# Any CCers doing the Gospel Pass Audax this Saturday?



## Banjo (3 Mar 2011)

If so see you at Chepstow Castle on Saturday. Looks like an interesting route just hoping it stays dry.

Gospell Pass Audax


----------



## Banjo (6 Mar 2011)

Did it yesterday, very cold most of the day I expected to be in mist up on Haye Bluff/Gospel pass but with perfect timing the cloud lifted and made a real highlight out of going over the pass.

The descent from there to Abergavenny is amazing the twisty single track road down off the mountain needs to be ridden with care due to loose gravel and mud in places but its a downhill whizz for mile after mile to a well earned coffee and apple pie at the cafe control.

Anyone doing it in future I would suggest marking the route on a map and taking it with you, I wasnt the only one to find the instructions a bit hard to follow in places.

102 miles plenty of scenery a few hills great day out.


----------



## BrumJim (6 Mar 2011)

Glad to hear that you had such a good time. 102 miles and plenty of hills. How was it compared to the Snowdrop?


----------



## Banjo (7 Mar 2011)

Hi jim You would have enjoyed it.Much hillier than the Snowdrop but also with some long easy bits to get your legs back.

I kept to a gentle pace to keep some in reserve for the hills and felt quite comfortable at the end very scenic in places and dry but cold all day.Pint in a nice warm pub at the end went down well .

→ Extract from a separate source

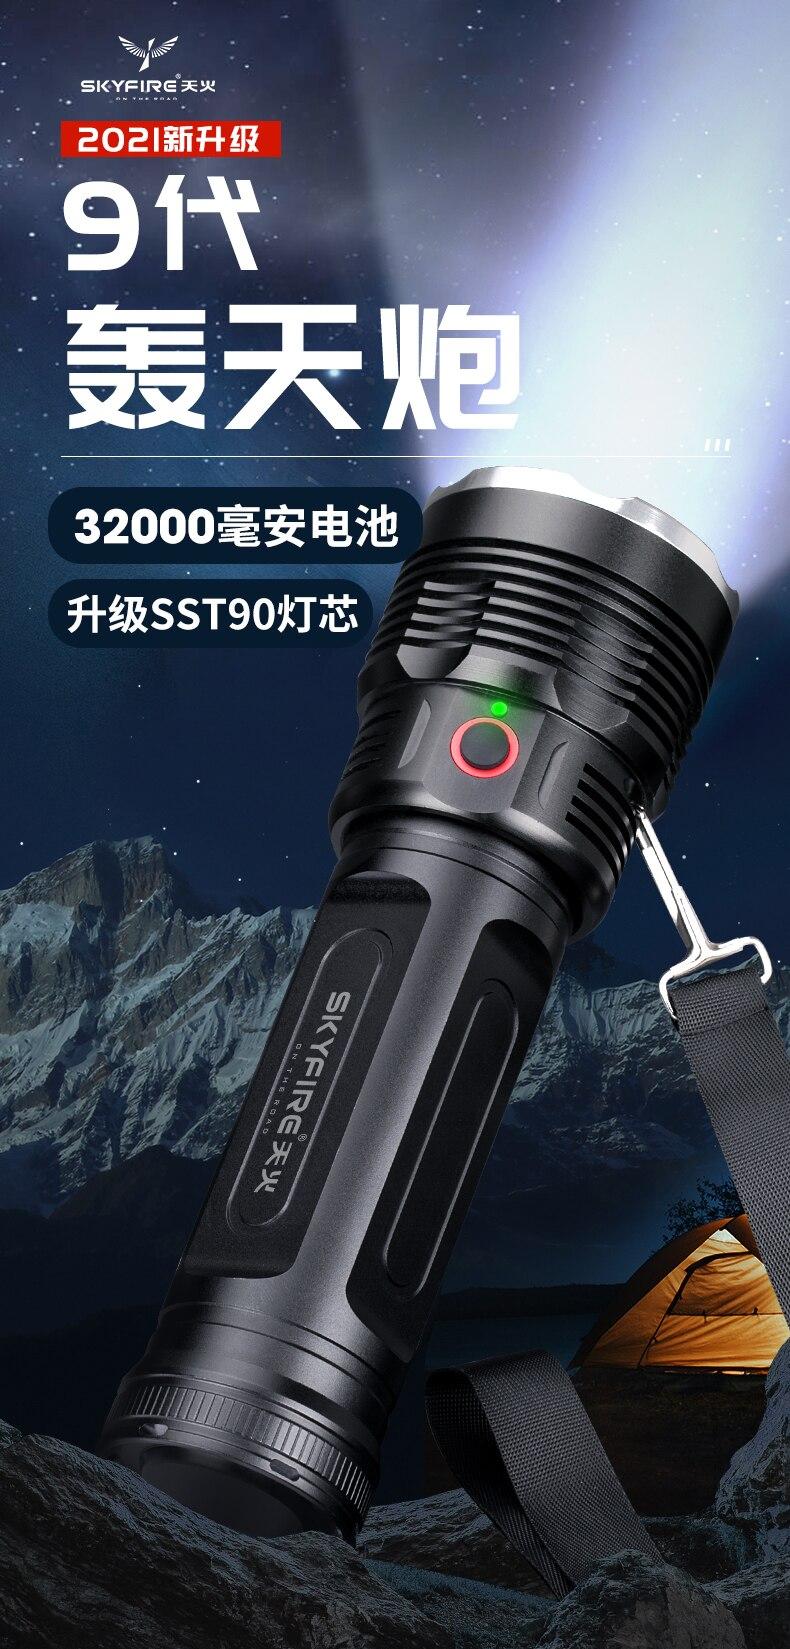 Portable Outdoor Flashlight Button Powerful Convoy Mini Lanterna Flashlight Rechargeable Light Linternas Camping Supplies BI50FL enlarge

In bad weather it wouldnt have been so much fun.Very exposed out on the mountain road .Would definitely ride it again if I get the chance.

Decided to join Audax UK and do about 1 a month when I can fit them in around work.

Next month i am signed up for the Rhonda Taverse 100 km startng in Merthyr (hilly)and looking at the South Gloucester 100 starting in Alveston (close to severn bridge)which should be a bit easier.


----------



## Ian H (7 Mar 2011)

Glad that everyone enjoyed it. I was the bloke handing out cards at the start and hanging around at the finish. We, the organisers and I, went for a pootle round the Wye Valley before walking down to the pub where you finished. Nice day for it.


----------